51 Dans ces domaines aussi, bien sûr, la coordination des droits nationaux est de nature à favoriser la mobilité de ces opérateurs ou des services qu'ils fournissent. Le rapprochement des législations nationales a pour objet de supprimer les obstacles susceptibles de les dissuader d'exercer leur activité dans d'autres États membres ou pour des commettants établis dans ces États, au motif que les avantages sociaux ne garantiraient pas un niveau de protection suffisant ou que ces contraintes injustifiées d'exercice de leur activité les défavoriseraient par rapport à leurs concurrents.

52 Mais l'exercice d'une concurrence loyale et la nécessité d'une protection sociale minimale ne constituent pas seulement des moyens au service des libertés communautaires. Ils constituent des objectifs à part entière, qui justifient que la directive s'applique à des situations dans lesquelles la circulation des opérateurs économiques à l'intérieur de la Communauté n'est pas directement et immédiatement en cause.

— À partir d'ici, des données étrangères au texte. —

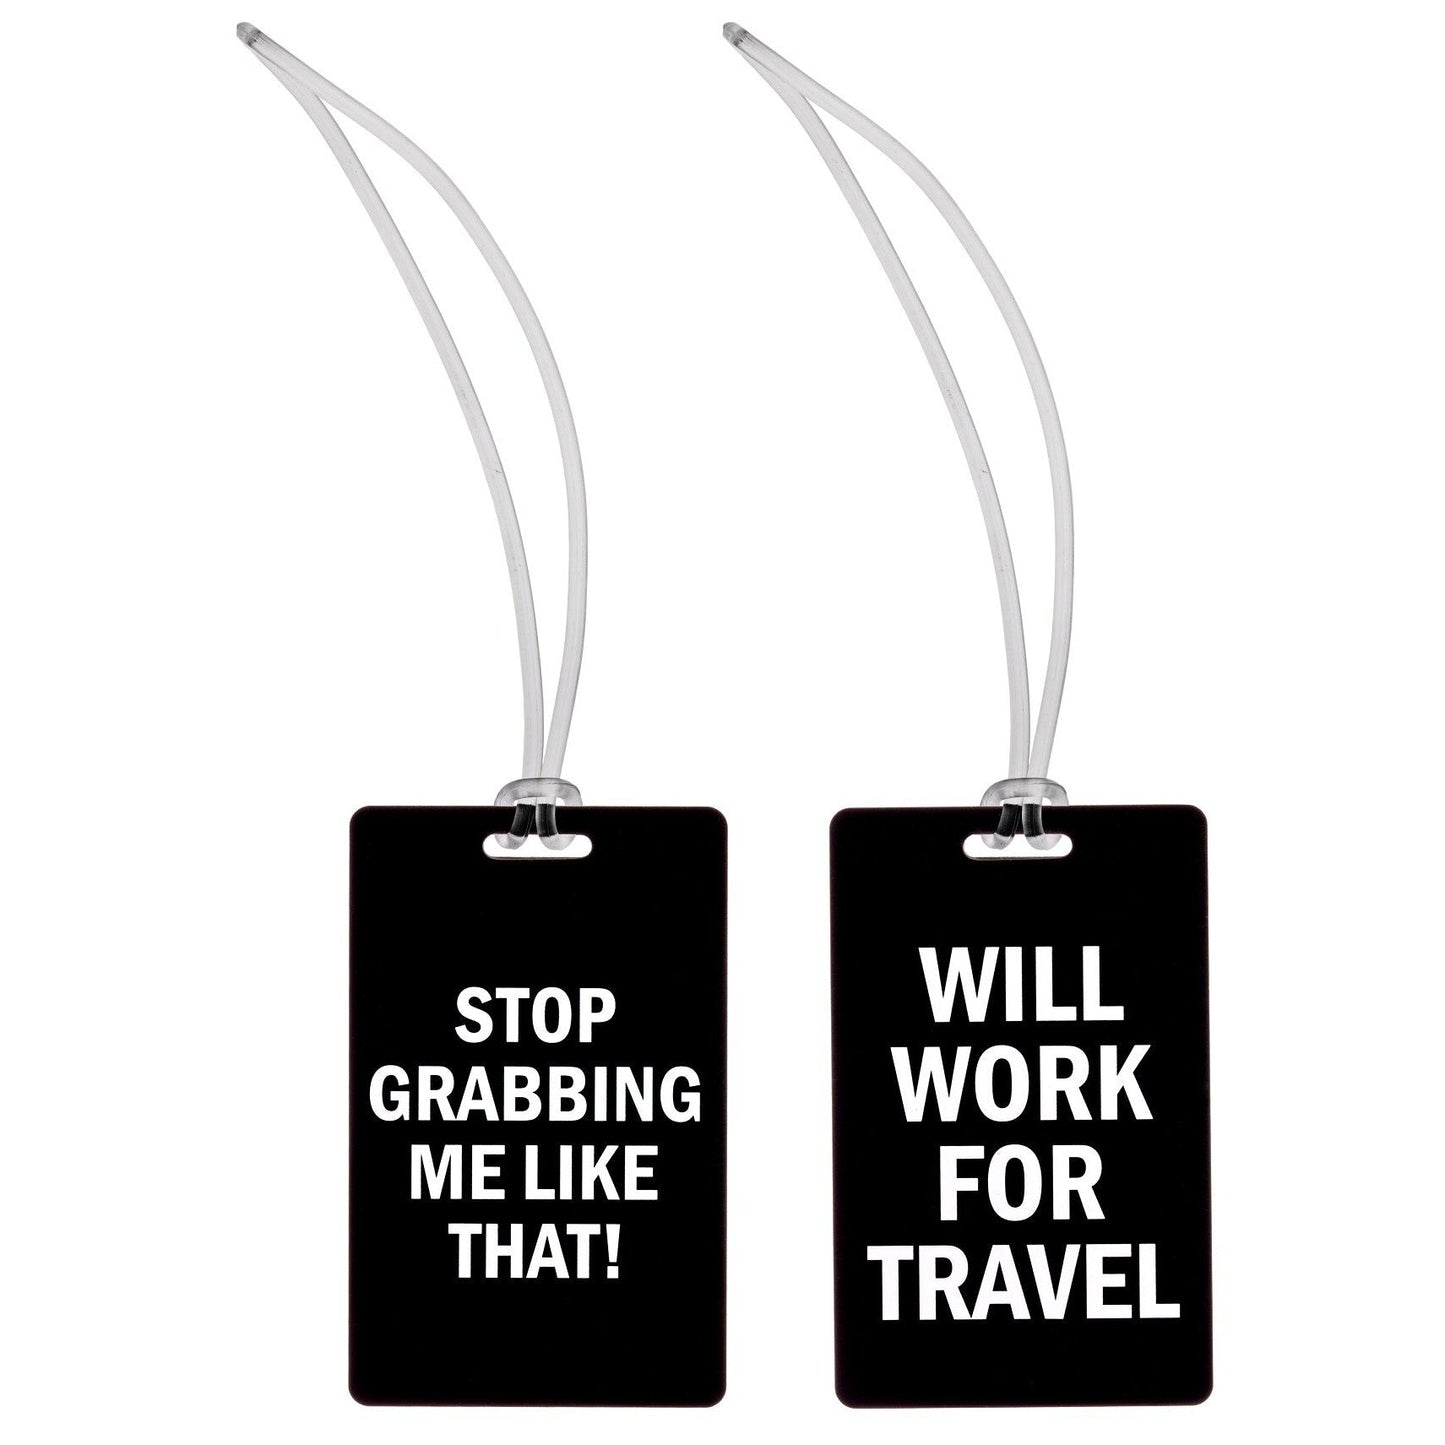 Stop Grabbing Me Like That! + Will Work For Travel Luggage Tag in Black and White

53 Nous avons vu que le respect d'une concurrence égale, principe auquel la directive se réfère explicitement, ne peut pas se limiter aux seules relations entre opérateurs établis sur le territoire communautaire (18). C'est aussi ce qui ressort, s'agissant de la protection des agents commerciaux, du cinquième considérant de la directive, aux termes duquel «... il y a lieu de s'inspirer des principes de l'article 117 du traité en procédant à une harmonisation dans le progrès de la législation des États membres concernant les agents commerciaux» (19).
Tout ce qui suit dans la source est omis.